_Information provided_:
*****

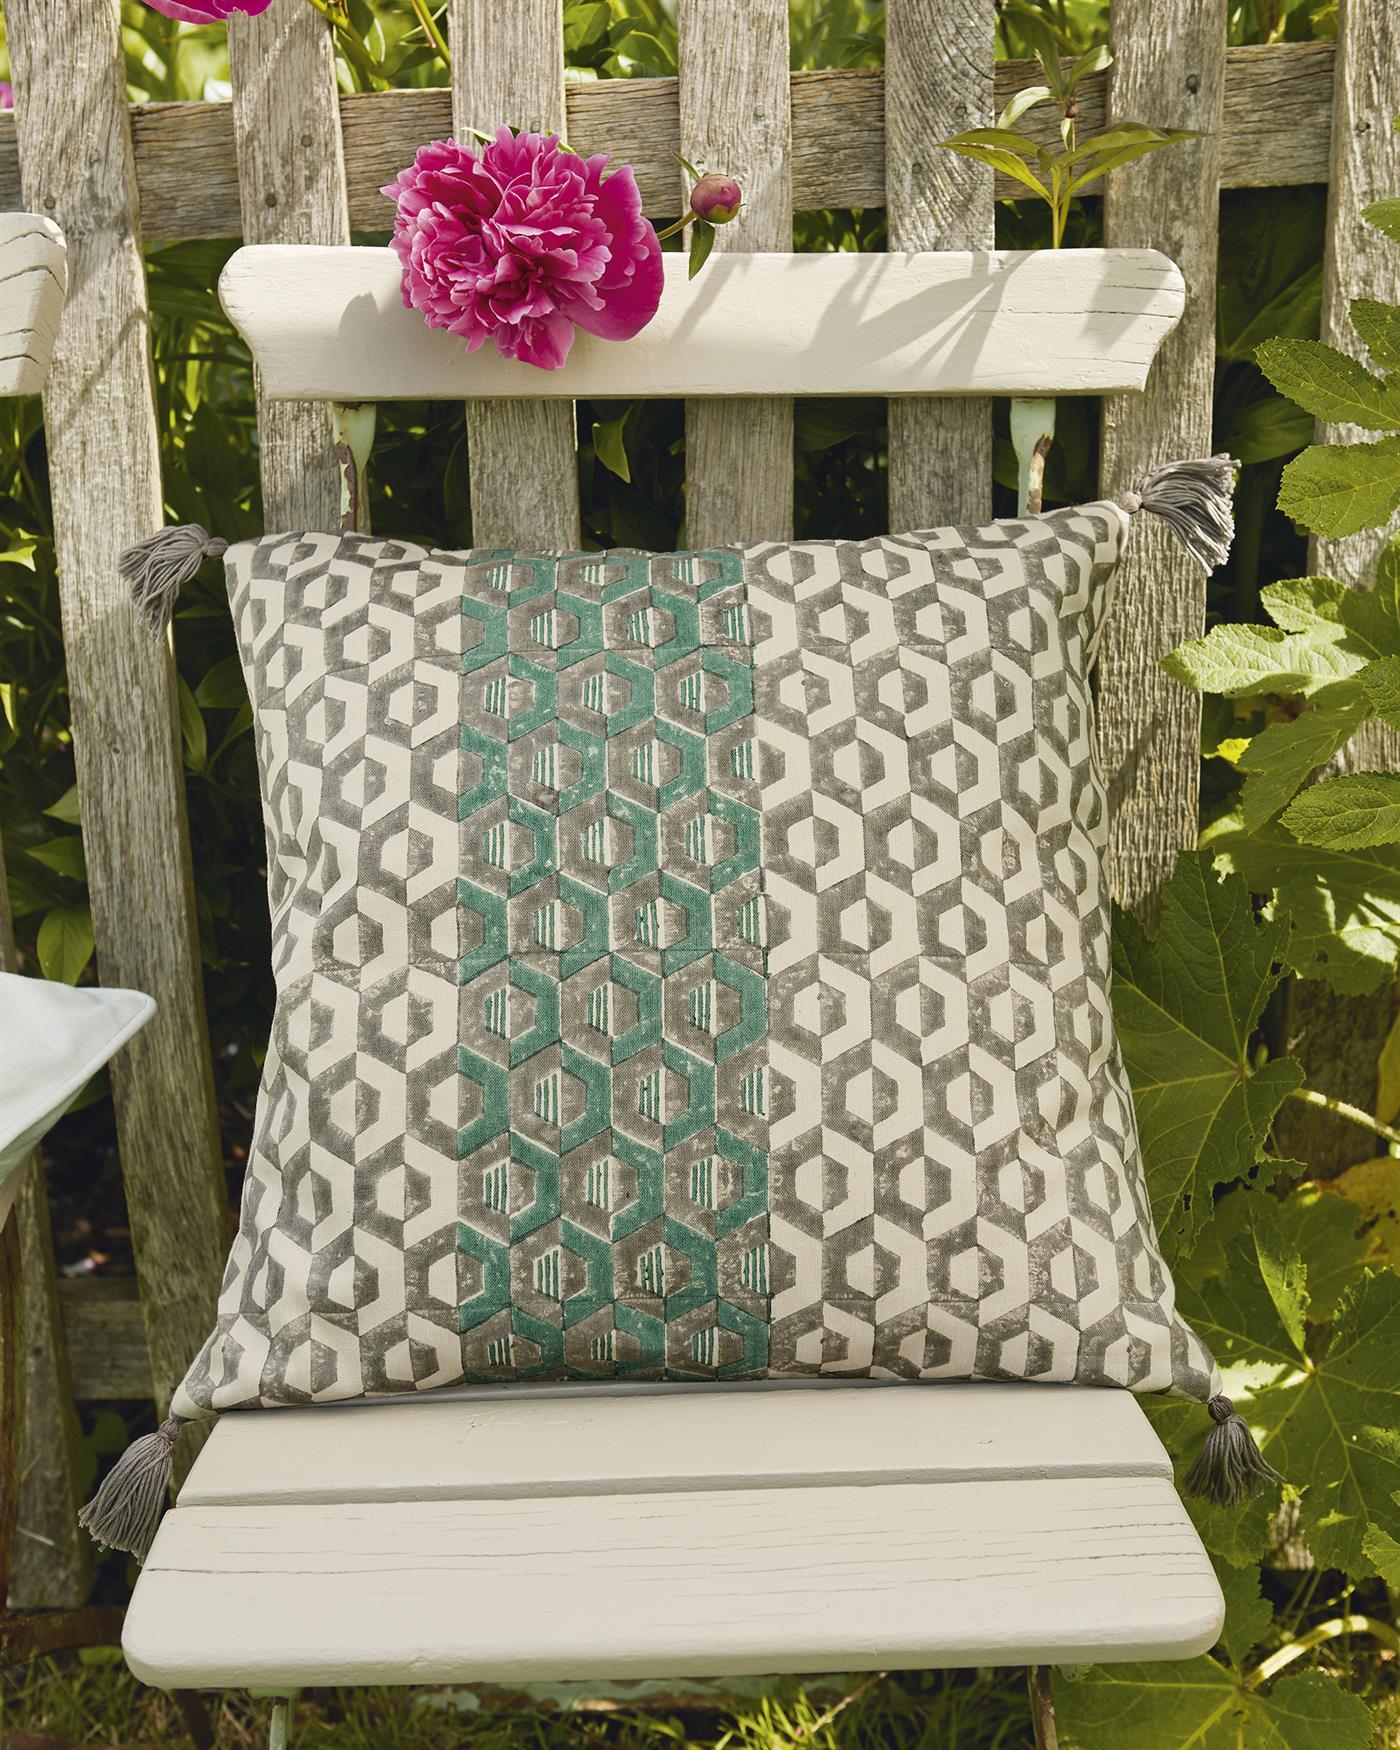 kissenh lle gr n grau. Black Bedroom Furniture Sets. Home Design Ideas
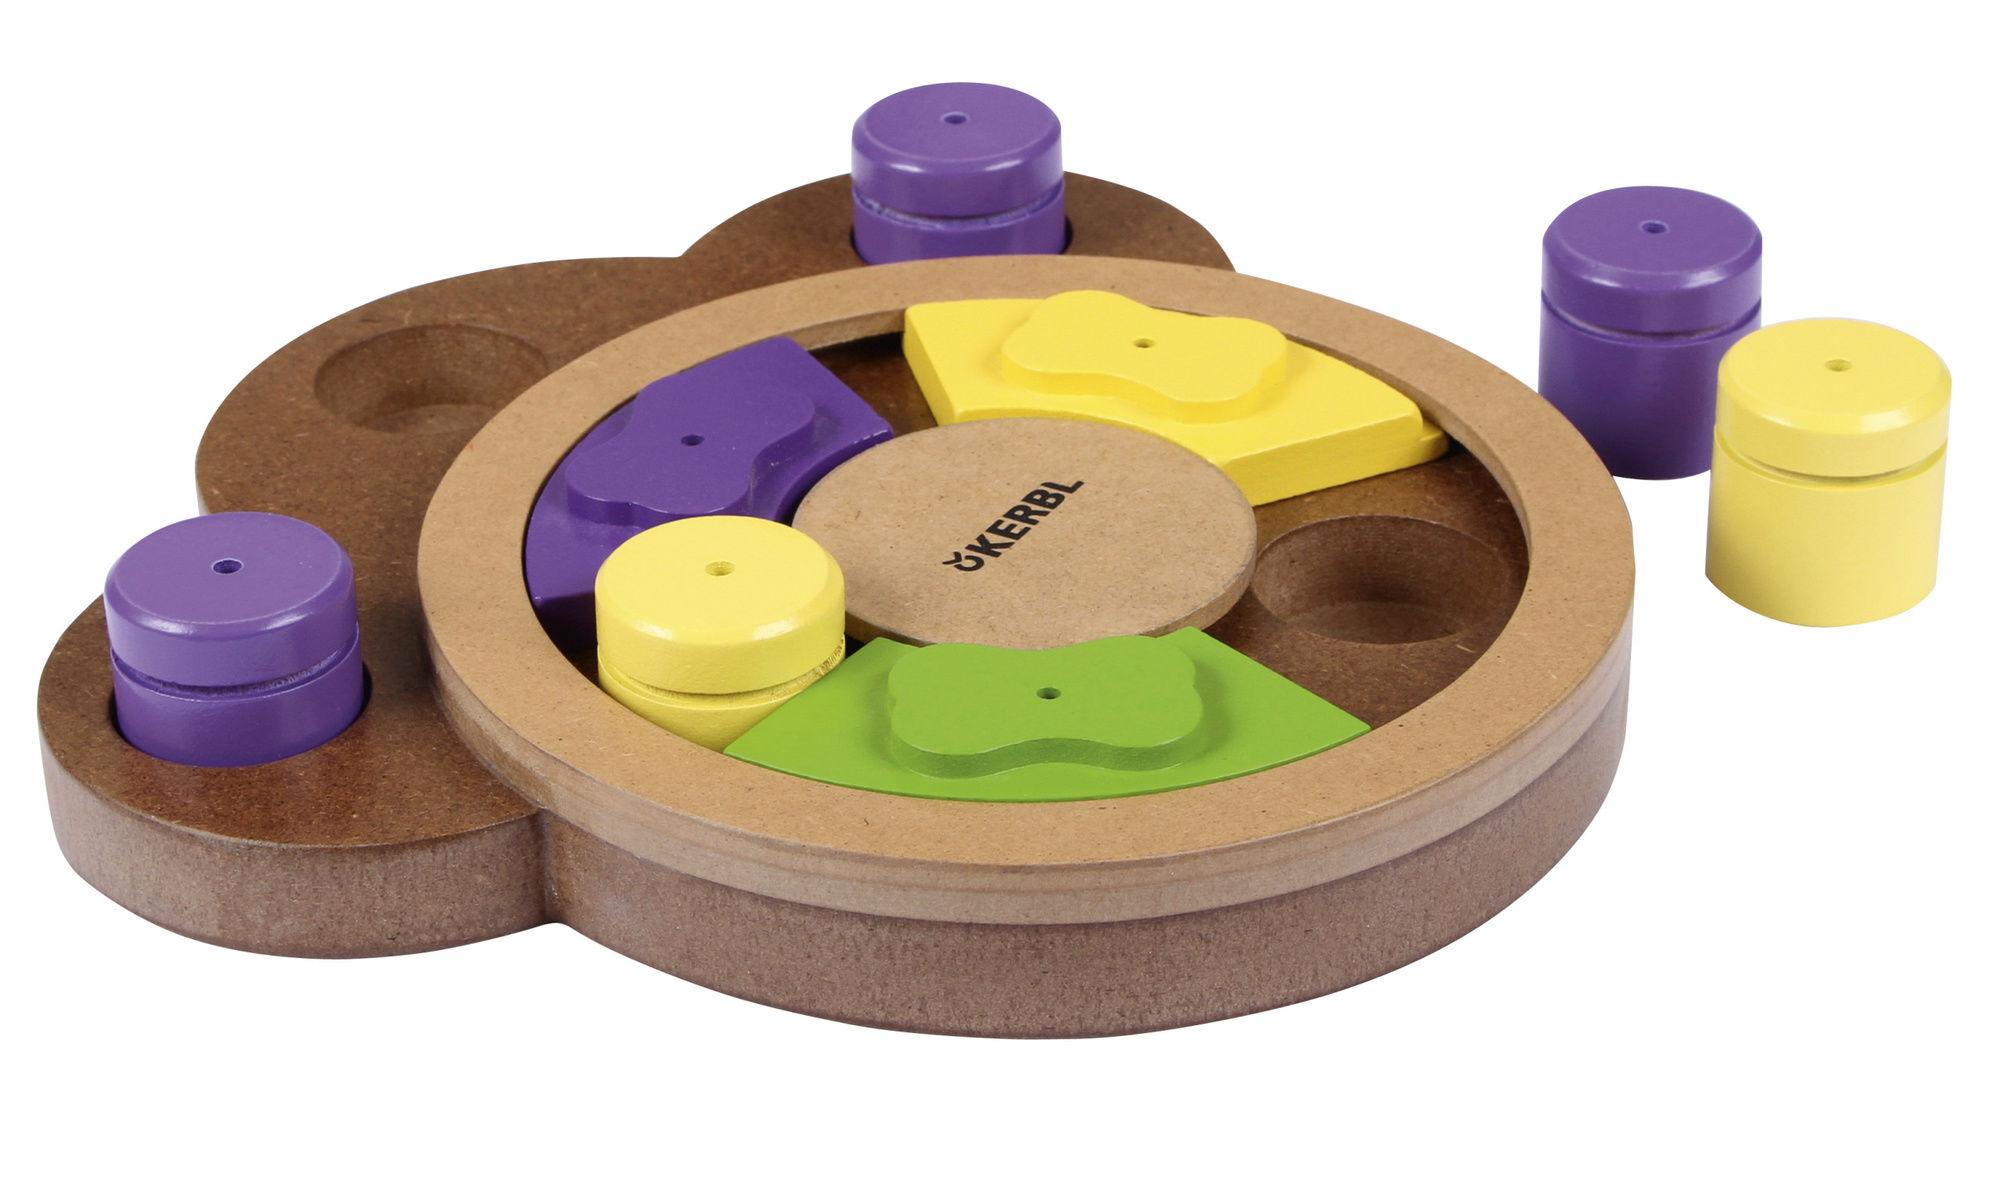 Denk- und Lernspielzeug - PAW 22x23x4cm
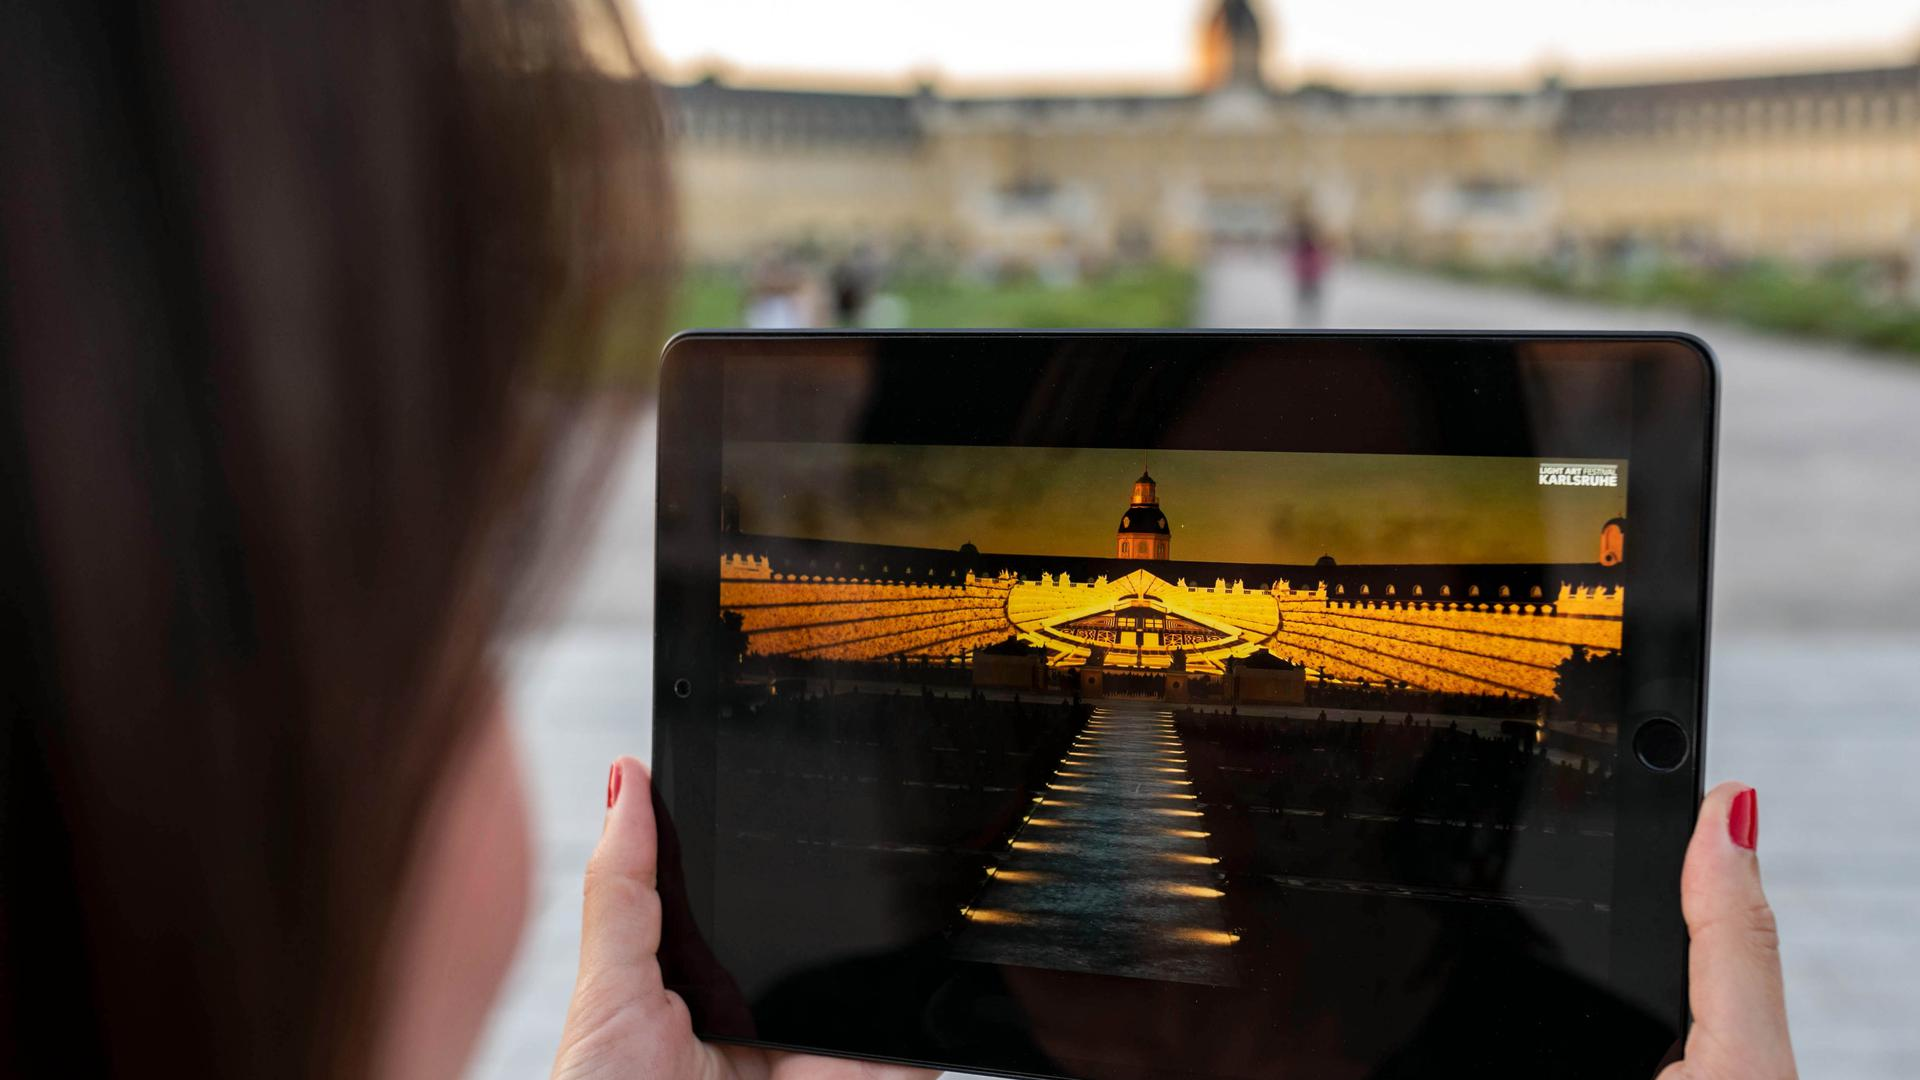 Vor dem Schloss Karlsruhe betrachtet eine Person auf einem Tablet einen Teil der Schlosslichtspiele, die 2020 wegen der Corona-Pandemie virtuell im Internet stattfinden mussten.

*****

_Task instructions_:
Word for word, restate the whole listing and drop the images.

_Solution for this exercise_:
 kissenh lle gr n grau. Black Bedroom Furniture Sets. Home Design Ideas
 Denk- und Lernspielzeug - PAW 22x23x4cm
 Vor dem Schloss Karlsruhe betrachtet eine Person auf einem Tablet einen Teil der Schlosslichtspiele, die 2020 wegen der Corona-Pandemie virtuell im Internet stattfinden mussten.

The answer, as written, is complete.